Last edited by Joe C; 12-01-2015 at 07:12 AM.
#19
Melting Slicks
What kind of lube are you using? I have never used ARP assembly lube but I have herd of people having problems with it. There are lower torque values for lubed vs dry, but your not even close to the final torque value. I'd call ARP they might at least sell you just the damaged bolts for less than the whole kit. They may even want you to send them the damaged bolts to test. ARP makes good stuff but when you produce tons of something some bad parts do get thru. If they do want the bolts, they can test sections of it and find out if it's defective or user error.
#20
FWIW, I used the ARP assembly lube without issues - to be honest, I think it's the same as another assembly lube. for thread sealant, also ARP. one thing I did do, is clean the bolts prior to using the lube and sealant.
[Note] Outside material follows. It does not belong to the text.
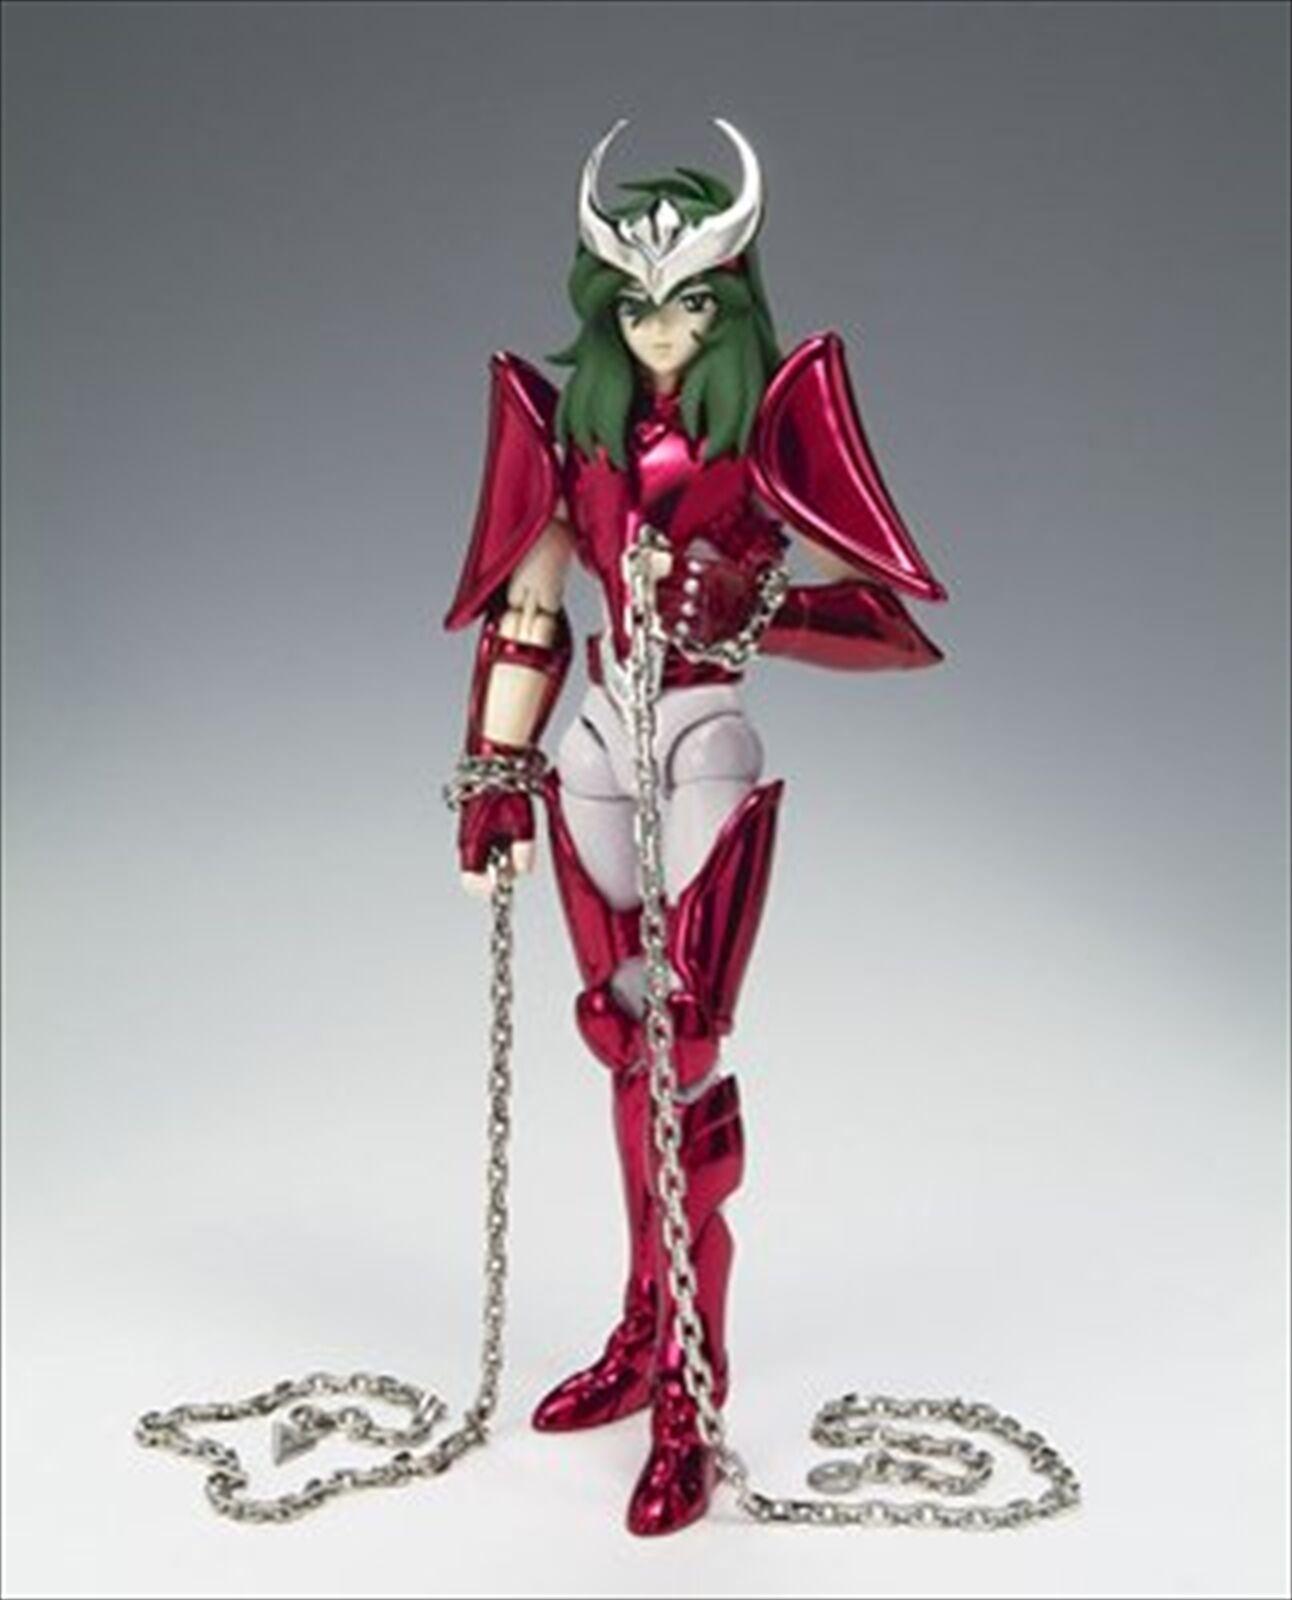 Bandai Saint Seiya Cloth Myth Andromeda Shun Power of Gold Action Figure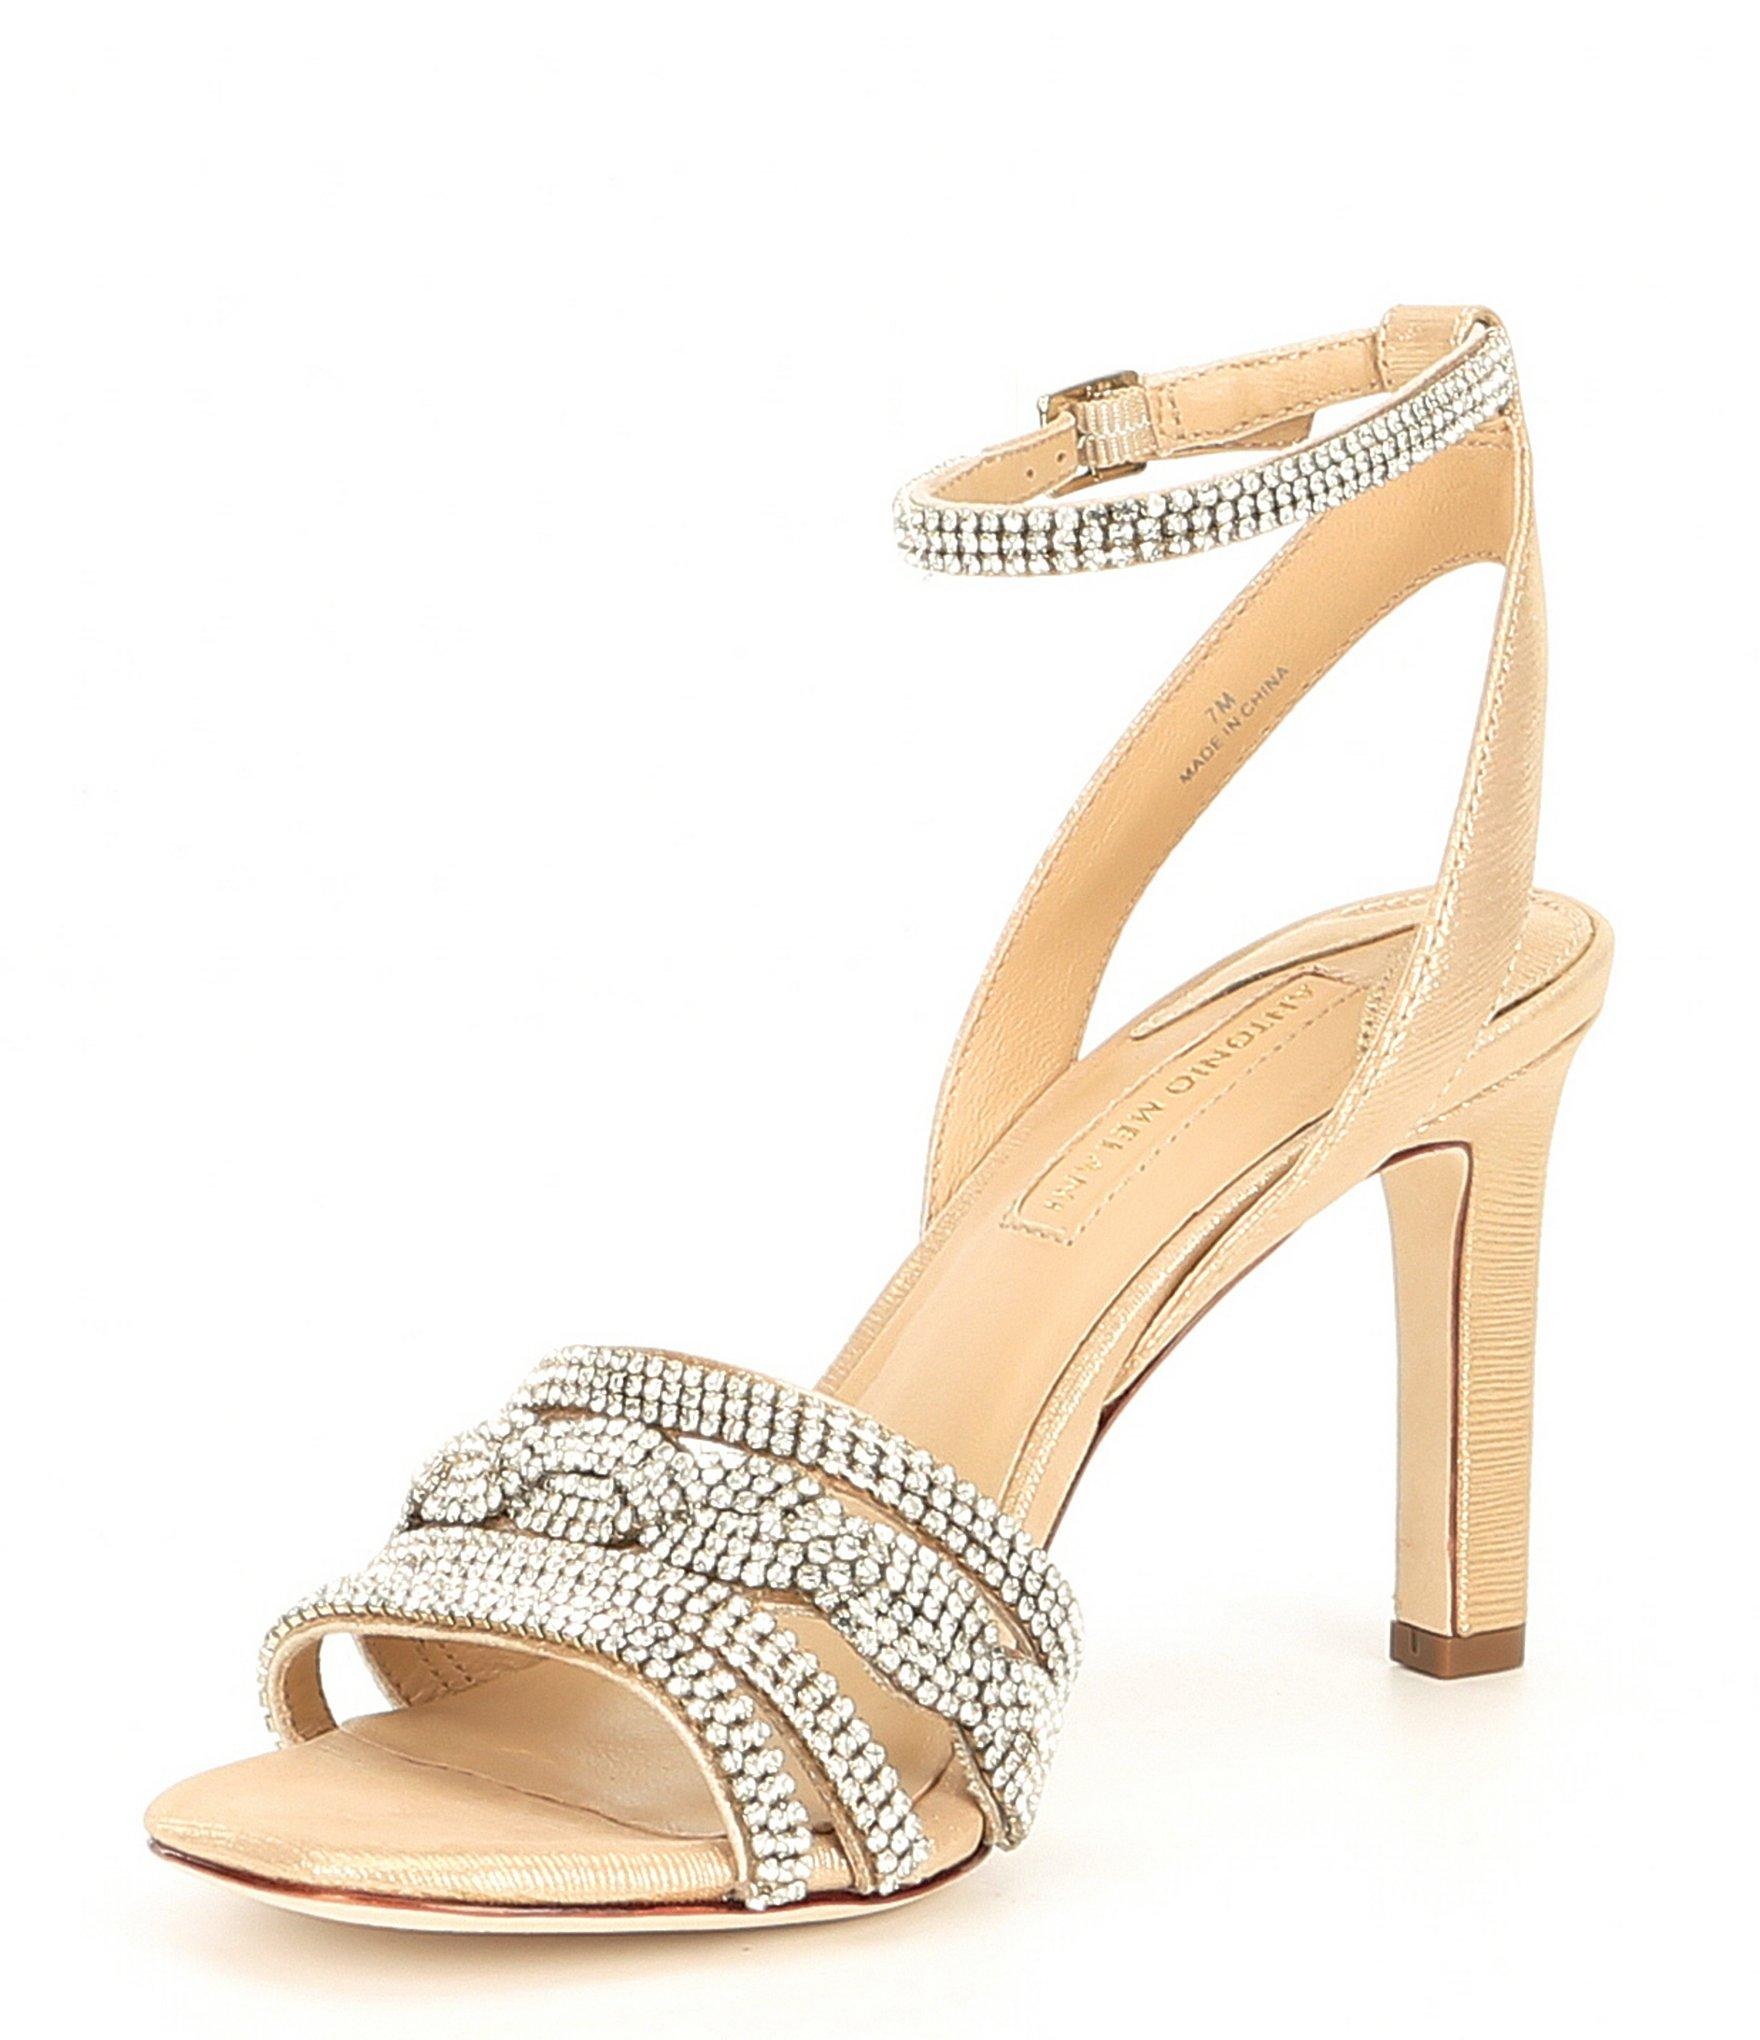 3b34e959e Antonio Melani - Petrina Metallic Leather   Rhinestone Dress Sandals - Lyst.  View fullscreen

ARP's come with some sort of corrosion resisting coating, and ARP tech support said the coating is compatible with assembly lube, but told me to clean the threads prior to using sealant. I went ahead and solvent cleaned all the bolts before use. my L98 was my first experience with ARP head bolts, and I did not experience any problems. in the past, I pretty much used new OE hardware.
i'm not sure how thread sealant on the threads would affect torque values, but i'm thinking assembly lube under the washer shouldn't. any kind of lubricant on the thread could cause, up to a 20% error in torque values. any error, whether caused by lube or sealant, I wouldn't think would contribute to the kind of bolt damage we're seeing here.
one more question to the OP - the ID of the washers are beveled on one side - are the washers oriented correctly to the bolt head? the beveled side of the washer to the underside of the bolt flange - IMPORTANT! just trying to think outside the box.
i'm not sure how thread sealant on the threads would affect torque values, but i'm thinking assembly lube under the washer shouldn't. any kind of lubricant on the thread could cause, up to a 20% error in torque values. any error, whether caused by lube or sealant, I wouldn't think would contribute to the kind of bolt damage we're seeing here.
one more question to the OP - the ID of the washers are beveled on one side - are the washers oriented correctly to the bolt head? the beveled side of the washer to the underside of the bolt flange - IMPORTANT! just trying to think outside the box.
Last edited by Joe C; 12-01-2015 at 09:04 AM.